GenomeQuest’s databases include GenBank, RefSeq, GQ-PAT, DrugBank Pro (containing drug targets, commercial drugs, and investigational new drugs), and GQ Gene (a high-resolution gene/transcript database). Search sequence annotation is done through text searching. “We organize databases for our customers,” Dr. McManus points out, “so that they can store, manage, and mine the world’s entire sequence data.”
GenomeQuest’s high-speed sequence search suite, called HS3, allows end users to focus on biological questions, rather than worrying about bootstrapping their own bioinformatics infrastructure. The workhorse behind HS3 is a high-speed, word-based algorithm that quickly identifies highly similar sequences. GenomeQuest recently completed a project involving 13 trillion pair-wise comparisons in less than 10 hours.
“We can do trillions of comparisons, then throw out what does not make sense,” says Dr. McManus. By intellectually keeping the “best hits,” GenomeQuest provides a useful service for genomics.

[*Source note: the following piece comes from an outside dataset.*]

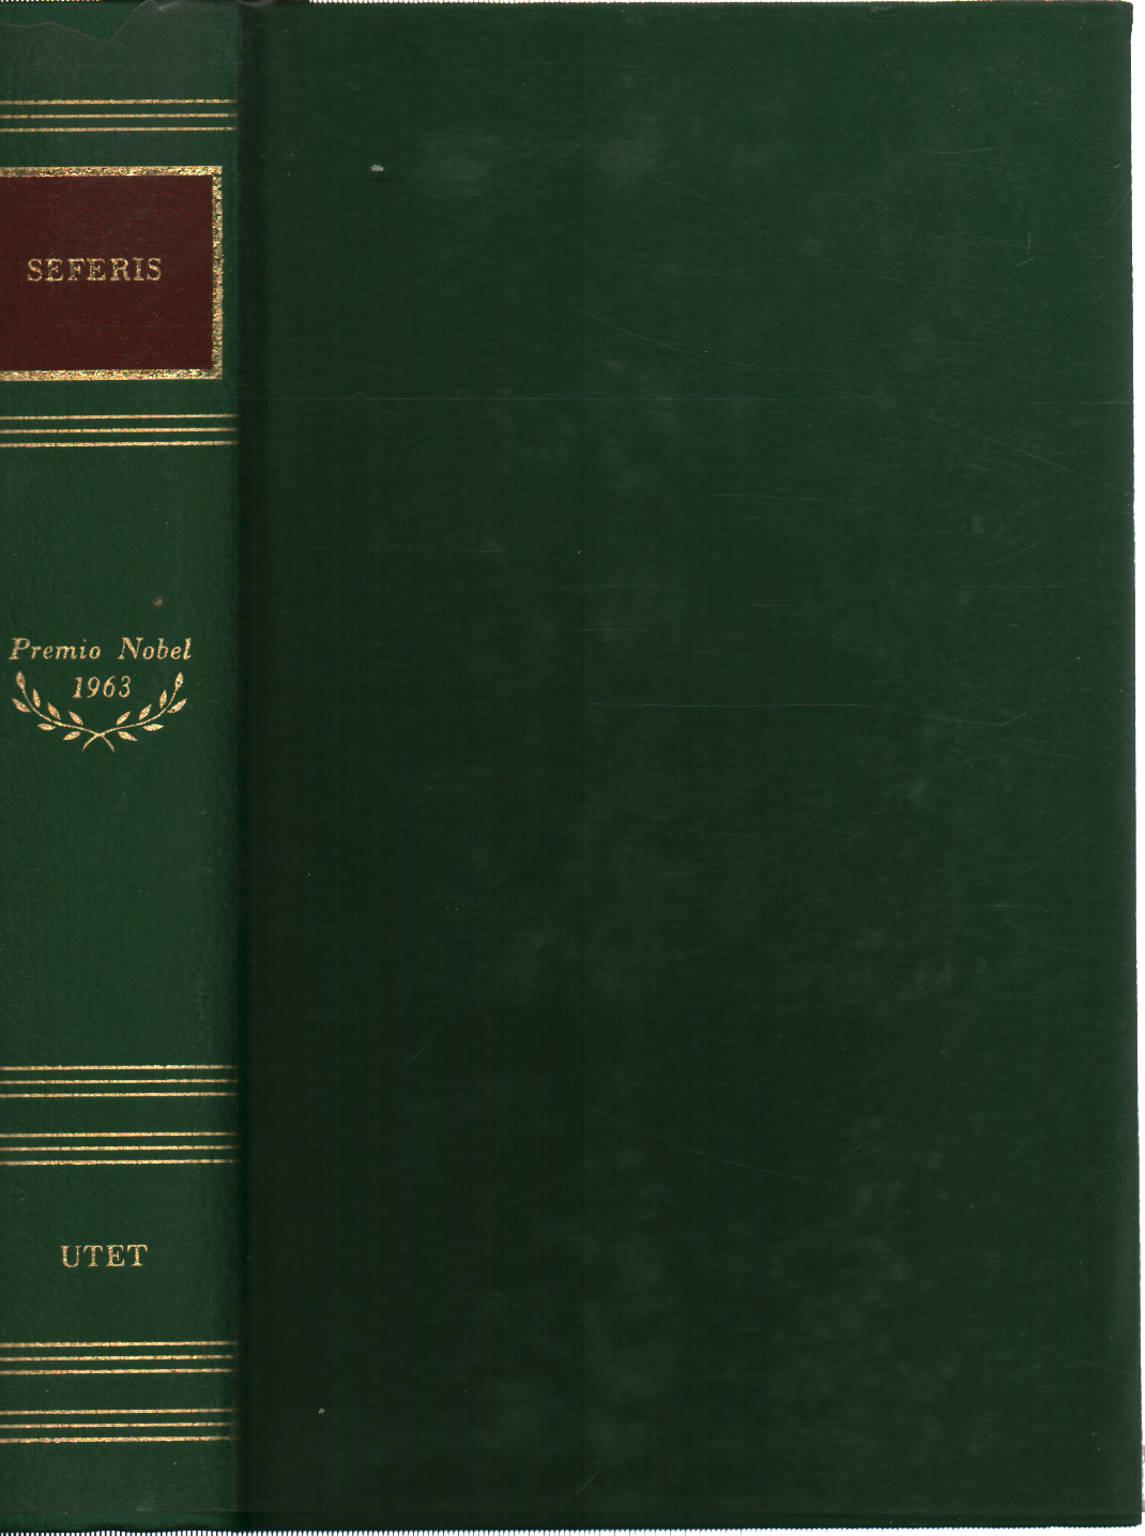 Les Travaux De George Seferis Giorgio Seferis Poesia

The algorithm has no read length limitation, and it readily deals with gaps and sequence reads from any sequencing instruments. The scalability of HS3 makes it perfect for performing all-against-all sequence comparisons. This includes all reads against all reference genomes for meta-genomic studies, all reads against a single reference genome for resequencing studies, all reads against a transcriptome to retrieve disease annotations, or all reads against a genome to retrieve gene annotations.

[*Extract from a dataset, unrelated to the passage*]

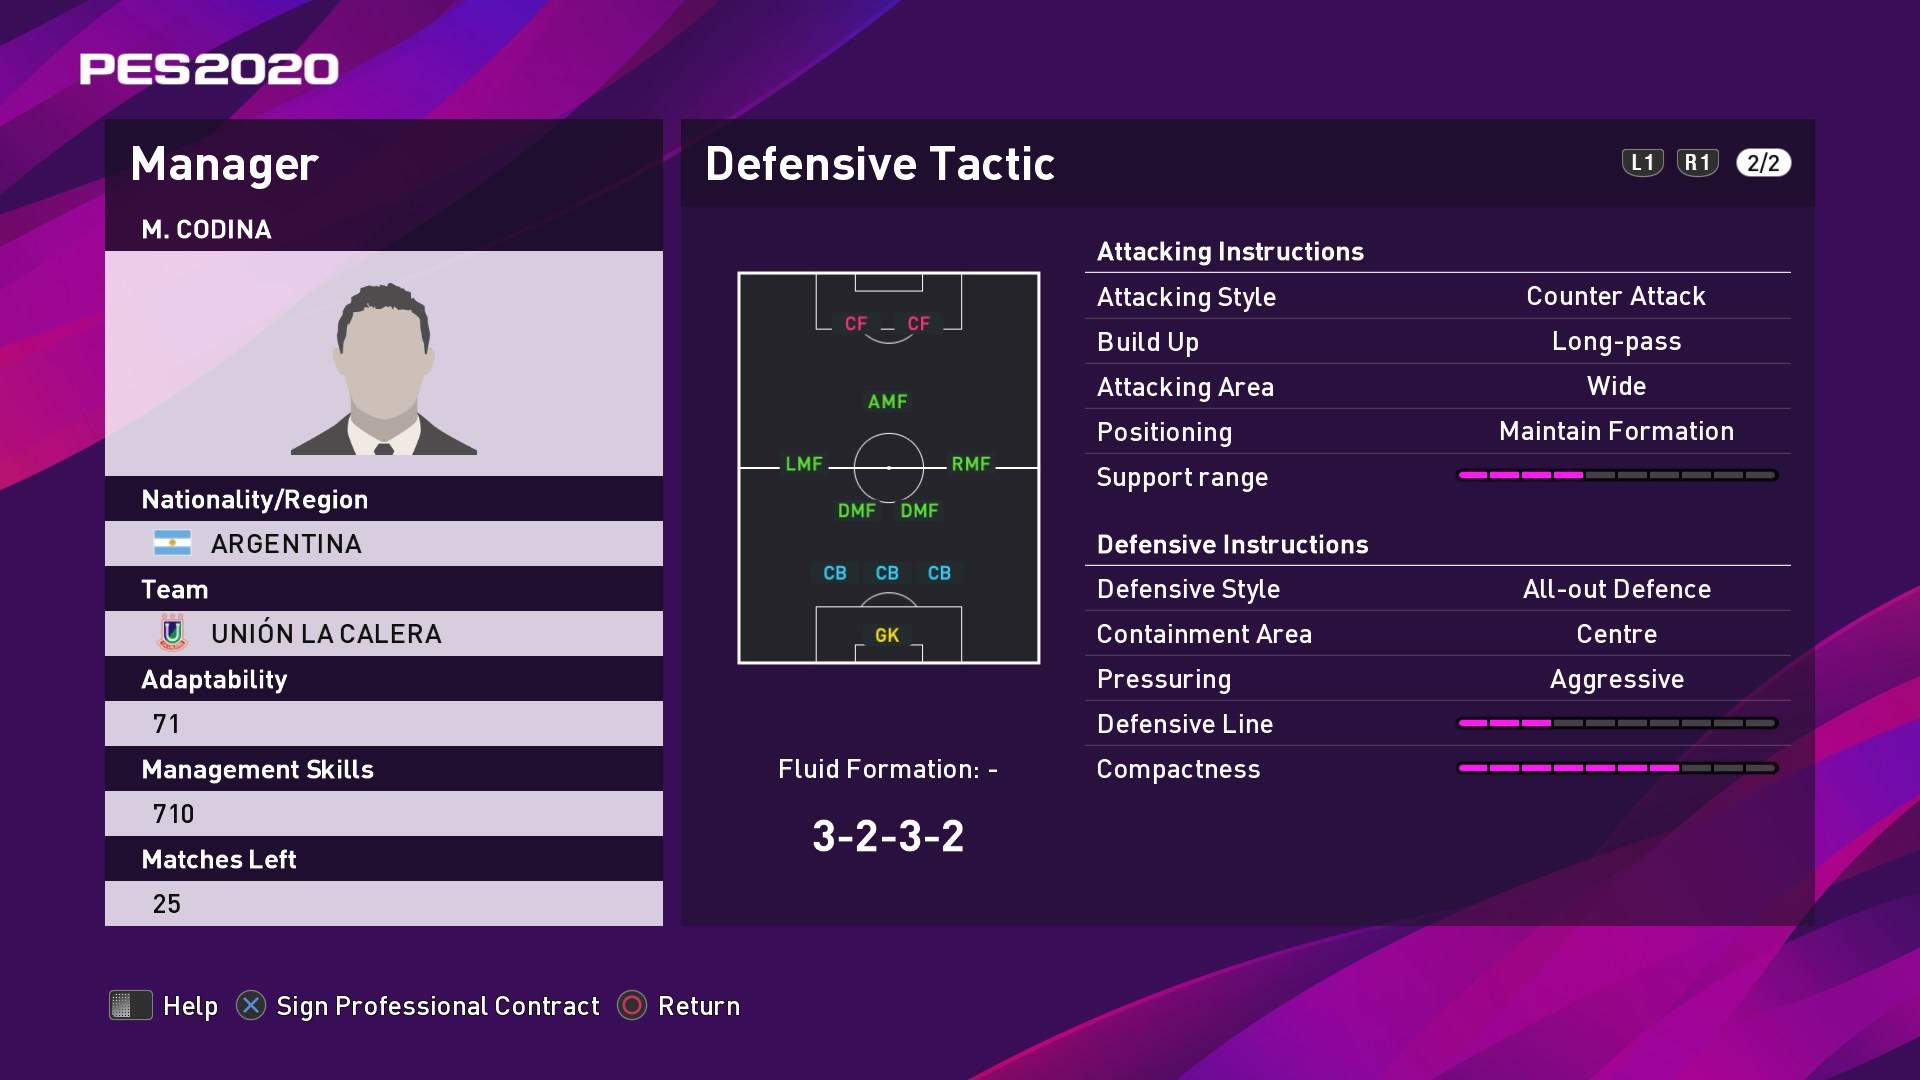 M. Codina (Juan Pablo Vojvoda) Defensive Tactic in PES 2020 myClub

GenomeQuest also helps next-generation customers to perform in-silico QA/QC checks for sample contamination, annotate large data sets, and discover structural variations in SNPs.
Customers can run sequences from their desktop computers through a secure Internet subscription service called GenomeQuest Live. Using the Internet service, a 5-gigabyte FASTA file (the standard data file from next-generation sequencing machines) takes about 30 minutes to three hours to transfer, Dr. McManus says. For customers who do not want to send data over the Internet, GenomeQuest will install, in their facility, a preconfigured, preloaded Enterprise version of the bioinformatic platform that includes all the computing, networking, and storage resources needed.
GenomeQuest also analyzes data for customers who are referred to them by the manufacturers of next-generation sequencers. “We take reads from different manufacturers’ instruments, do the analysis, and send them an annotated, personal database,” Dr. McManus explains. One customer took 10 months to sort through data from a next-generation sequencing run using its own bioinformatic tools. When the same data set was sent to GenomeQuest, they performed the analysis in eight hours.
GenomeQuest has teamed up with Life Technologies and Illumina to develop bioinformatic tools for customers who use next-generation sequencers. It provides researchers performing next-generation sequencing operations with an alternative to building their own bioinformatics infrastructure, an expensive and time-consuming endeavor.